A nítida articulação de grupos aponta a necessidade de investigar as articulações que dão suporte à produção em escala industrial da desinformação. Não tem sido esse o caminho do Brasil. A própria CPMI das Fake News não conseguiu ainda chegar a resultados conclusivos. No âmbito do Judiciário, estão pendentes de julgamento processos sobre disparo em massa na campanha de Bolsonaro em 2018, o que poderia, caso tivesse ocorrido o julgamento, ter levado à desarticulação de empresas que, como noticiou a imprensa, seguiram ofertando esse tipo de serviço. A lei que incluiu no Código Eleitoral previsão de prisão para quem espalhar fake news, aprovada em 2019, não impediu a desinformação e sequer ganhou projeção no debate público ou mesmo jurídico.

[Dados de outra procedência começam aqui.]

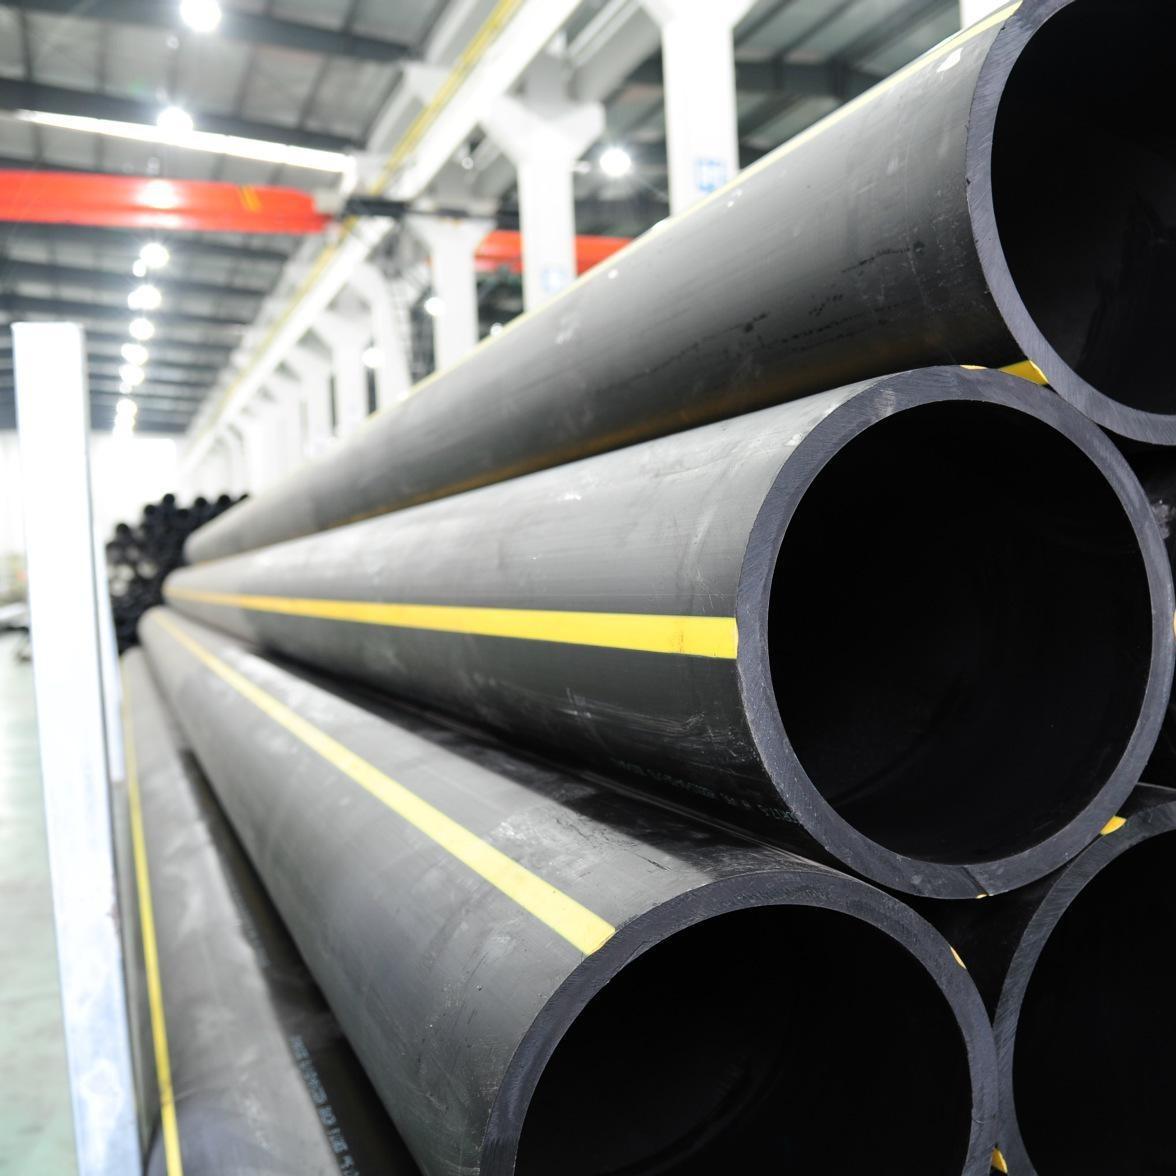 四川 pe管pe管450价格 pe管厂家 pe管材焊接方法pe管价格 pe管材厂家

Ainda em relação ao Judiciário, merece nota a criação, pelo TSE, de canal de denúncias de disparo em massa. Em parceria com o WhatsApp, no dia 19 de outubro o TSE anunciou que mais de mil contas foram banidas. Ainda não foram divulgados dados sobre essa operação durante o segundo turno das eleições. Em relação às demais plataformas, praticamente não houve ação conjunta com o órgão, além da menção à cooperação. A definição de ações de combate ao fenômeno das fake news coube a elas, que têm apostado sobretudo na moderação de conteúdos, como apontado aqui.
O fato de conhecidas “fake news” voltarem a circular dá indícios, por sua vez, da dificuldade de alcançar e convencer os receptores. Isso acende a luz vermelha quanto à efetividade dos esforços das plataformas digitais e desse caminho, em geral. Por outro lado, merece destaque a transparência do Facebook em relação à Biblioteca de Anúncios, o que possibilitou a verificação dos conteúdos impulsionados pelas candidaturas. Com isso, também ficou claro o imenso montante de recursos – mais de R$ 100 milhões – destinados a impulsionamentos pelas campanhas, o que deve também gerar não apenas discussão, mas regulamentação, seguindo o que foi feito com a radiodifusão.
A mesma transparência, contudo, não se deu com as contas removidas, anúncios não veiculados por desinformação e afins. Plataformas como Facebook, YouTube e Twitter não apresentaram relatório das ações, o que dificulta a análise e a mensuração das fake news e das respostas das plataformas.
Em resumo, 2020 indica que as campanhas de desinformação não são operadas e, portanto, não parecem ter o mesmo impacto em campanhas pulverizadas. Ainda assim, vimos que elas não desapareceram, pelo contrário, foram instrumentalizadas para mobilizar o voto conservador e causaram estragos, seja ao longo das campanhas, especialmente das mulheres, ou mesmo nos resultados. O problema persiste e outras questões, particularmente em relação ao financiamento, aparecem como desafios, que devem estar no horizonte das instituições antes de 2022.